Segment Start: Data extract

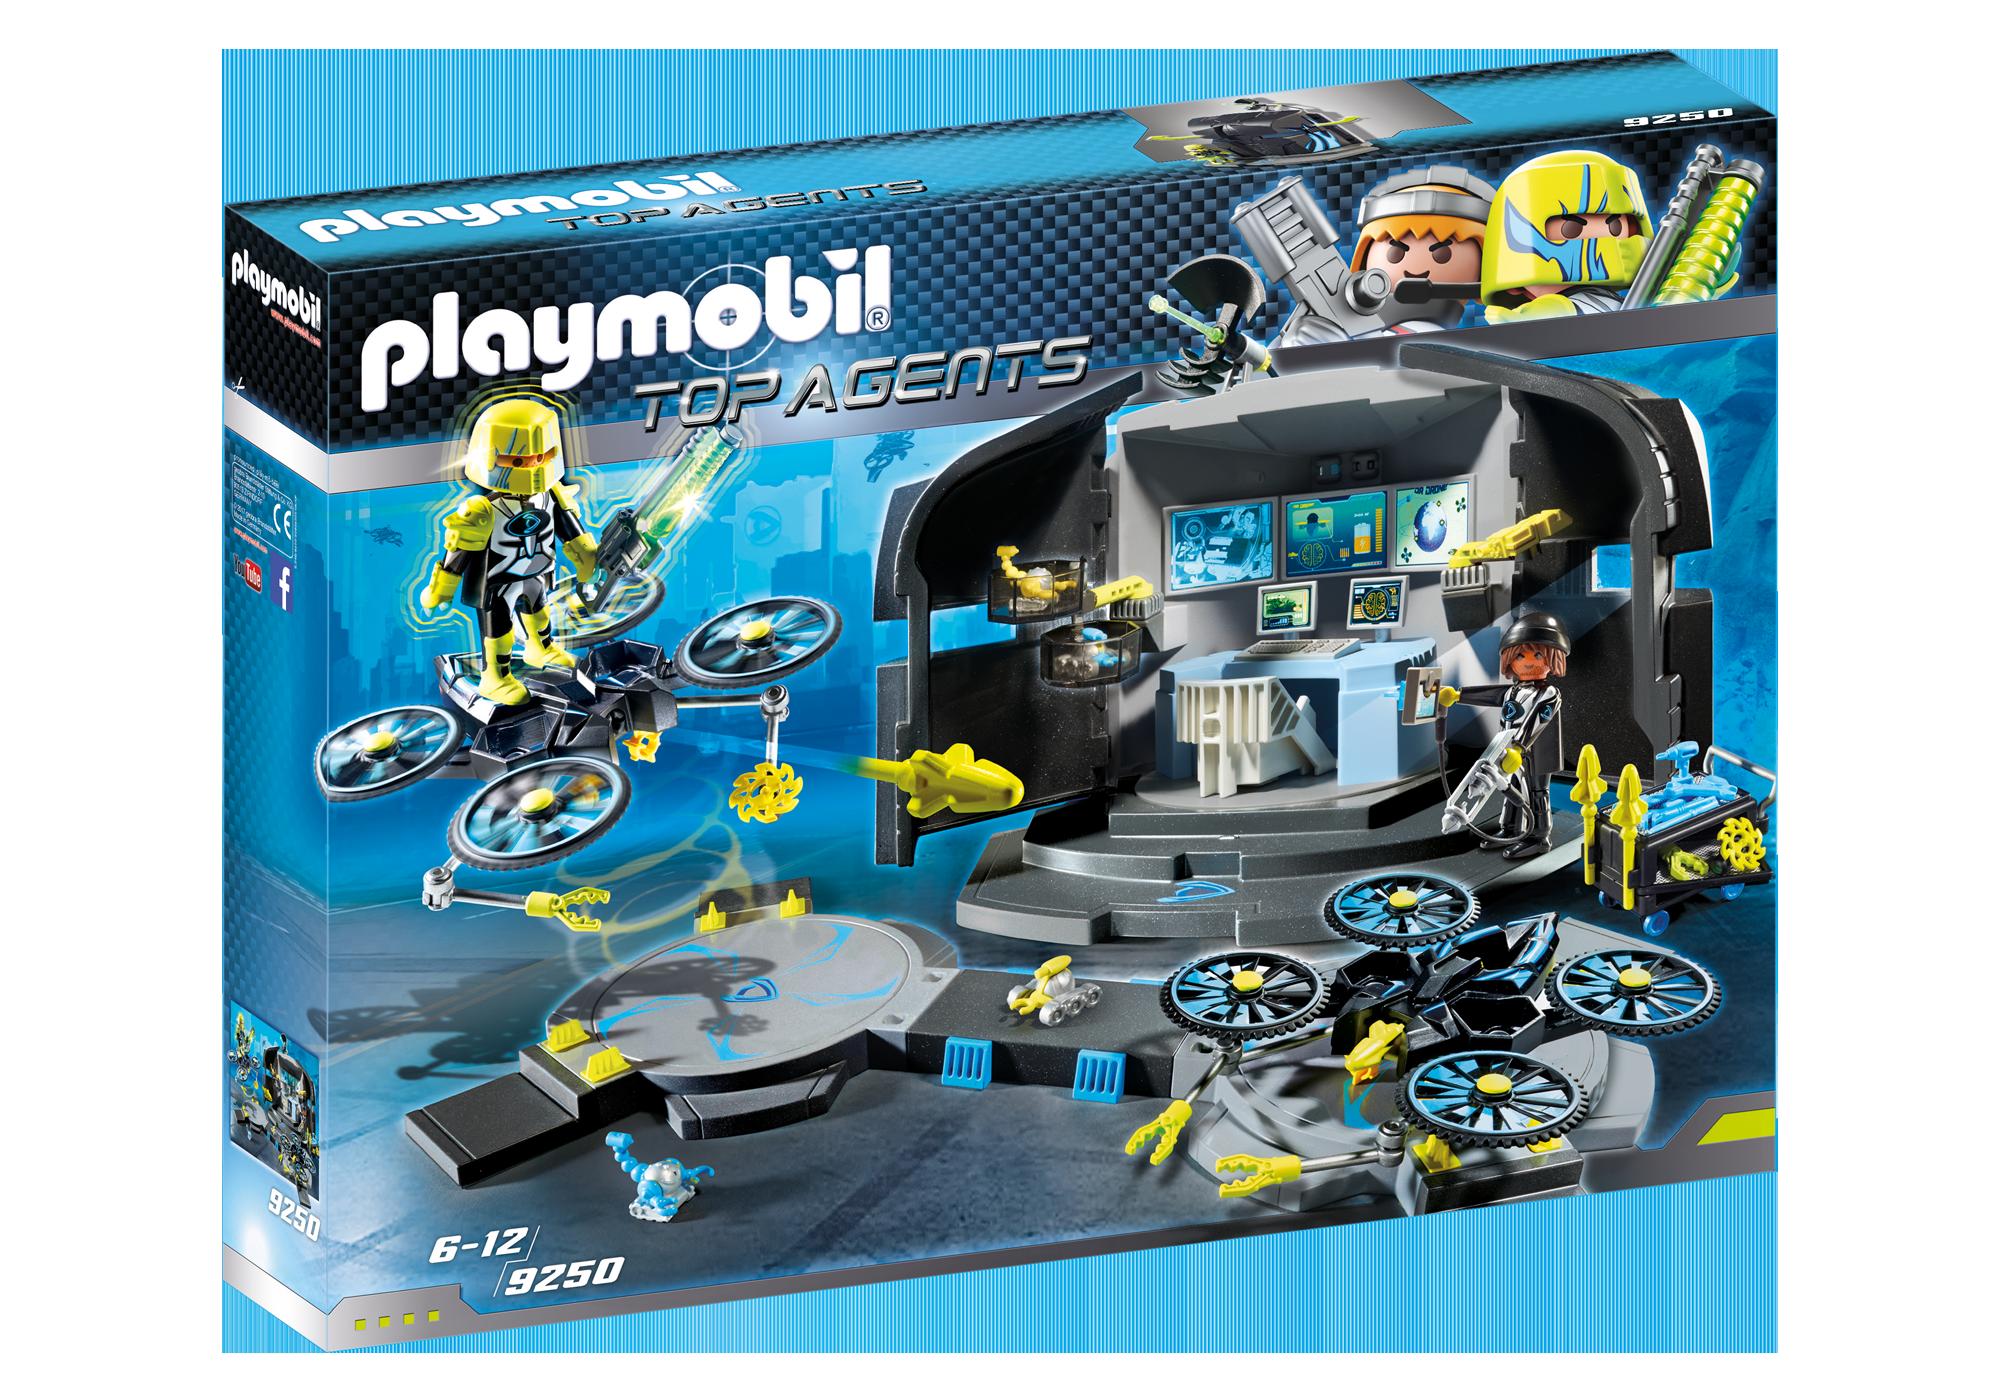 http://media.playmobil.com/i/playmobil/9250_product_box_front/Centro de Mando del Dr.Drone
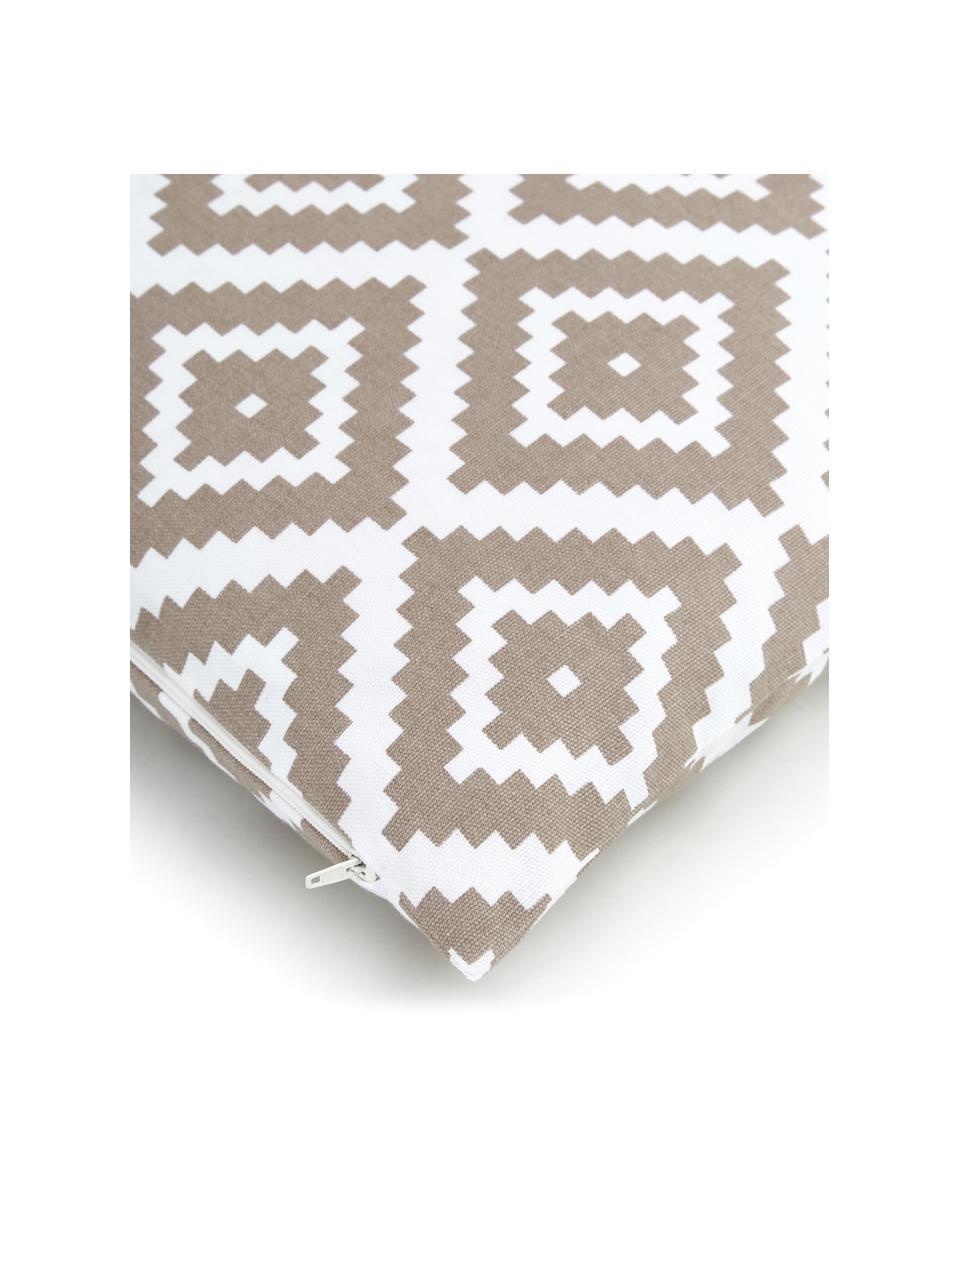 Federa arredo taupe/bianco Miami, 100% cotone, Beige, Larg. 45 x Lung. 45 cm
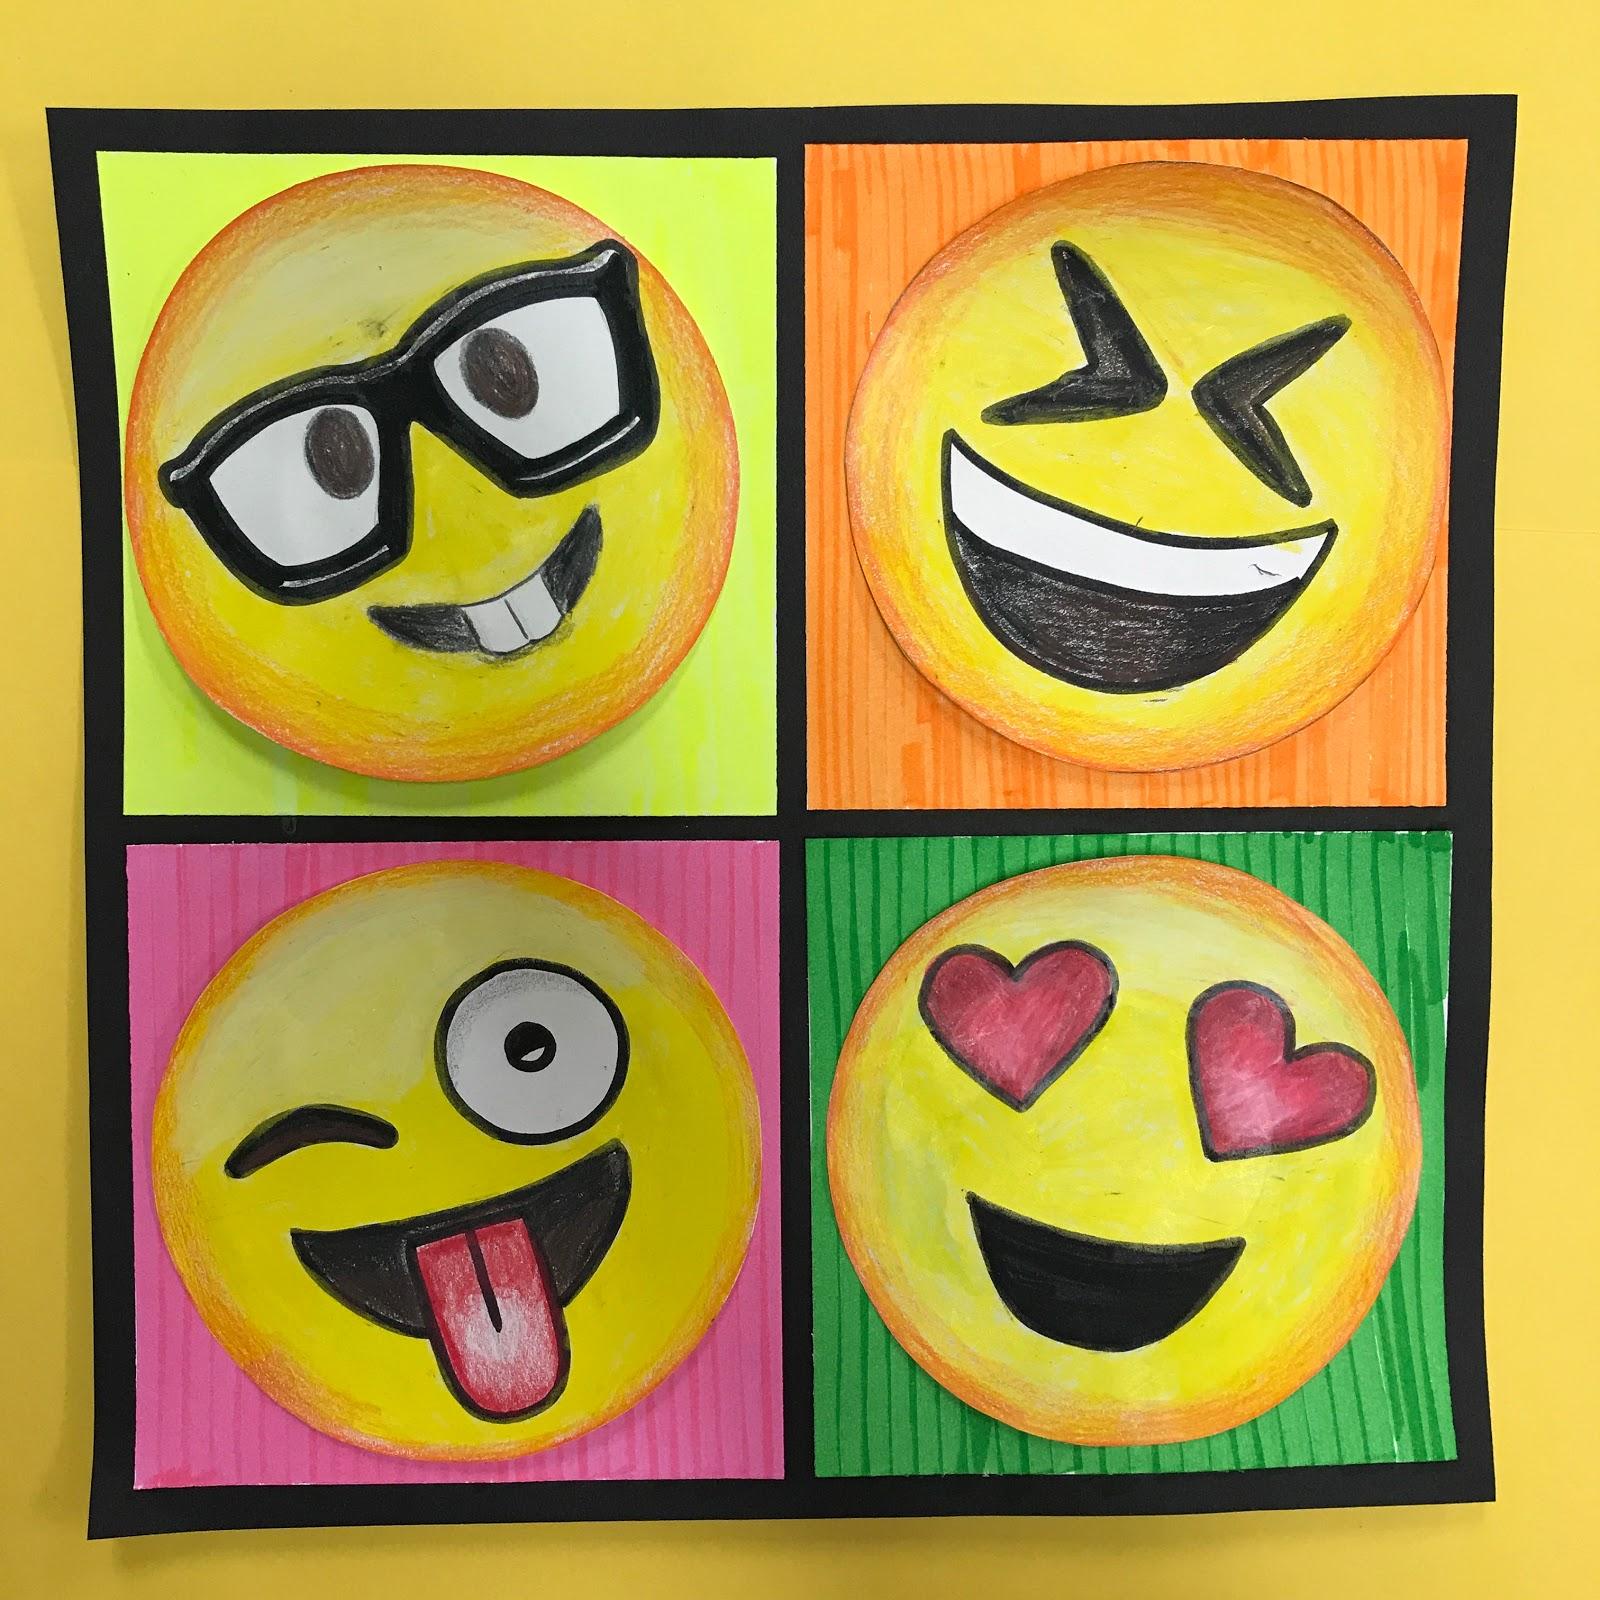 Elements Of The Art Room 4th Grade Pop Art Emojis

Segment End: Data extract

-- Assignment --
The answer must be the full listing, word for word, with no images in it.

-- Problem solution --
 http://media.playmobil.com/i/playmobil/9250_product_box_front/Centro de Mando del Dr.Drone
 Federa arredo taupe/bianco Miami, 100% cotone, Beige, Larg. 45 x Lung. 45 cm
 Elements Of The Art Room 4th Grade Pop Art Emojis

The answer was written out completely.